A próbki w Rosji, czyli zaufanie

Seawolf, 31.10.2012
W Smoleńsku wykryto ślady TNT i NG. Wykryto mobilnymi wykrywaczami IMS. Prawdopodobieństwo pomyłki wynosi - no właśnie to powinni byli sprawdzić. Bo wynosi 1%. Czyli na 99% wiadomość jest pewna. Dużo, czy mało? A dzisiaj słyszymy, dzisiaj, bo wczoraj panowie prokuratorzy szybko skończyli konferencję i nie zdążyli dopowiedzieć, że wszystkie próbki pozostają w Moskwie. Dzisiaj rzecznik powiedział, z charakterystycznym optymizmem i radością w głosie, że są zaplombowane i zapieczętowane. Hurra! No, to nie ma zadniej możliwości, żeby taki papierek zgrabnie odkleić, podłożyć, co trzeba i zalepić. W końcu kierujemy się zaufaniem. W Rosji złomowano z kilkadziesiąt starych TU- 154, dobranie próbek tak samo wyglądających nie stanowi żadnego problemu. W momencie, gdy wypuściliśmy te próbki z rąk na jeden dzień, możemy właściwe zapomnieć o sprawie. Ale my kierujemy się zaufaniem, bo takie są zasady pomocy prawnej.
Czyli, analogicznie, zostawiamy dowód zbrodni w postaci zakrwawionego noża w rekach podejrzanego, bo mu ufamy, a po drugie, nóż jest w plastikowym worku zalepionym plasteliną z odciskiem monety. Nie do podrobienia. Kiedy próbki trafią do Polski, nie wiadomo. Wniosek złożono „jakiś czas temu”, jeszcze przed wizytą prokuratorów. Prokuratorzy wrócili, próbki zostały w Rosji. Po co, nie wiadomo, bo na tym samym wydechu rzecznik zapewnił, że nikt ich tam nie dotknie, wyłącznie polscy rzeczoznawcy. Którzy jednak są w Polsce. A próbki w Rosji. Logika a’ la Prokuratura wojskowa. Pewnie dlatego mówią o pół roku czekania na wyniki, licząc, ze może w ciągu pół roku ktoś te próbki zapakuje i prześle, bo nic innego nie przychodzi do głowy. Gdyby ktoś zajmujący się kryminalistyką usłyszał taka rewelację, że do zbadania próbki na okoliczność obecności materiałów wybuchowych potrzeba pół roku, pękła by mu żyłka ze śmiechu, podobnie załogi lotnisk, które siedzą na tych bramkach, z urządzeniami, jak twierdzi Szeląg, nie potrafiącymi odróżnić szminki od trotylu.

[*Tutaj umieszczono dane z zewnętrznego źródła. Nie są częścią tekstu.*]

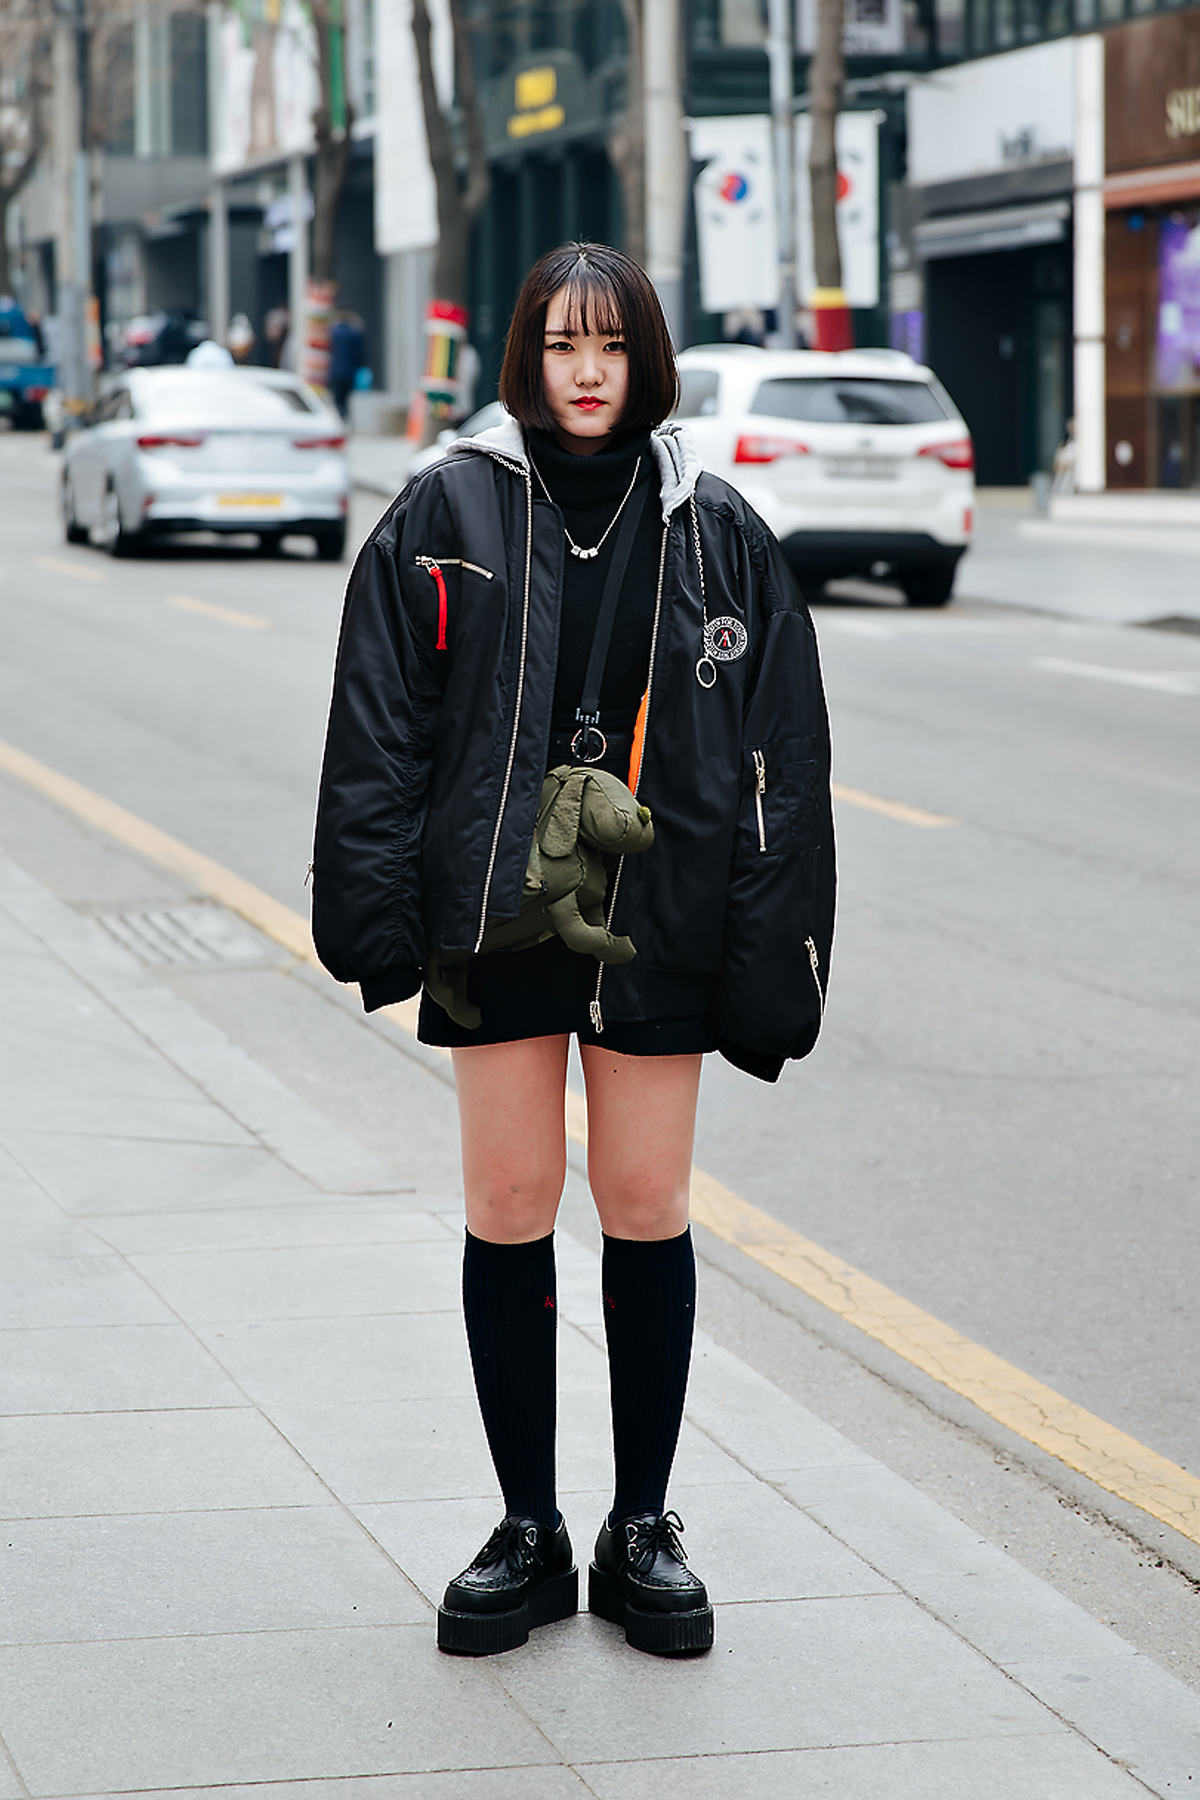 Otaki chihiro, Street style women winter 2017-2018 inseoul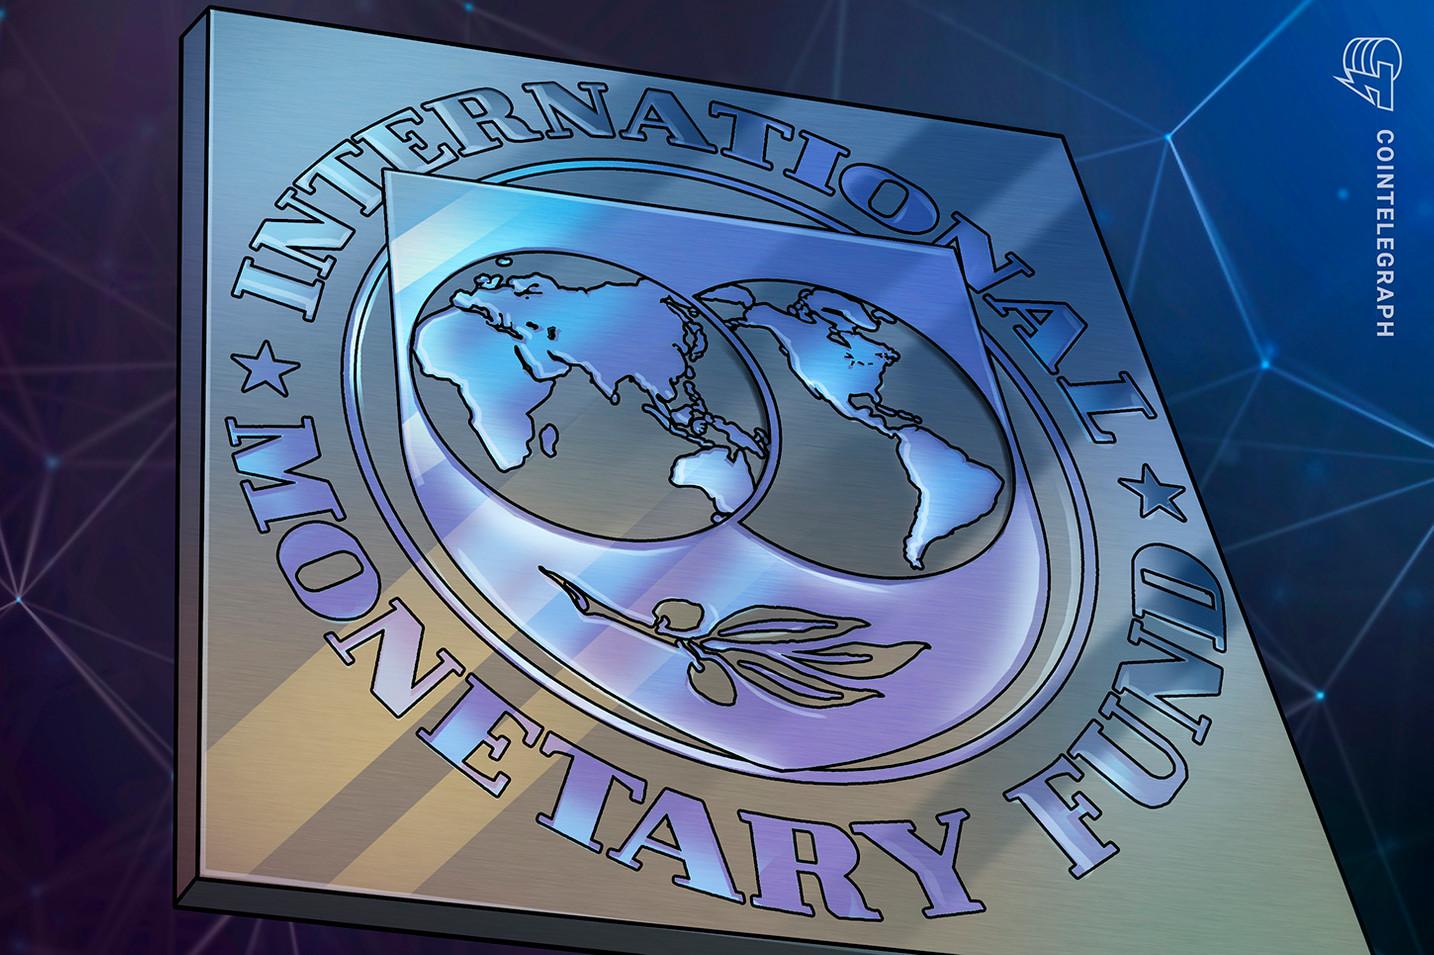 IMFは、デジタル通貨の監視を「強化」する予定です。

Ale, trzeba przyznać, Szeląg dokując żonglerki pojęciami nie potwierdził i nie zaprzeczył. I zawsze mówił prawdę. Tak jak z pomyłką dotyczącą pochówku prezydenta Kaczorowskiego, gdzie w pierwszym zdaniu zdecydowanie zaprzeczył, aby pomyłka miała miejsce a w drugim dodał, że dopiero badania DNA to wyjaśnią. Podobnie i tym razem. Dopiero dalsze badania na spektrometrii masowej stwierdza czy to był TNT i NG. Prawda to najszczersza. Nie kłamie.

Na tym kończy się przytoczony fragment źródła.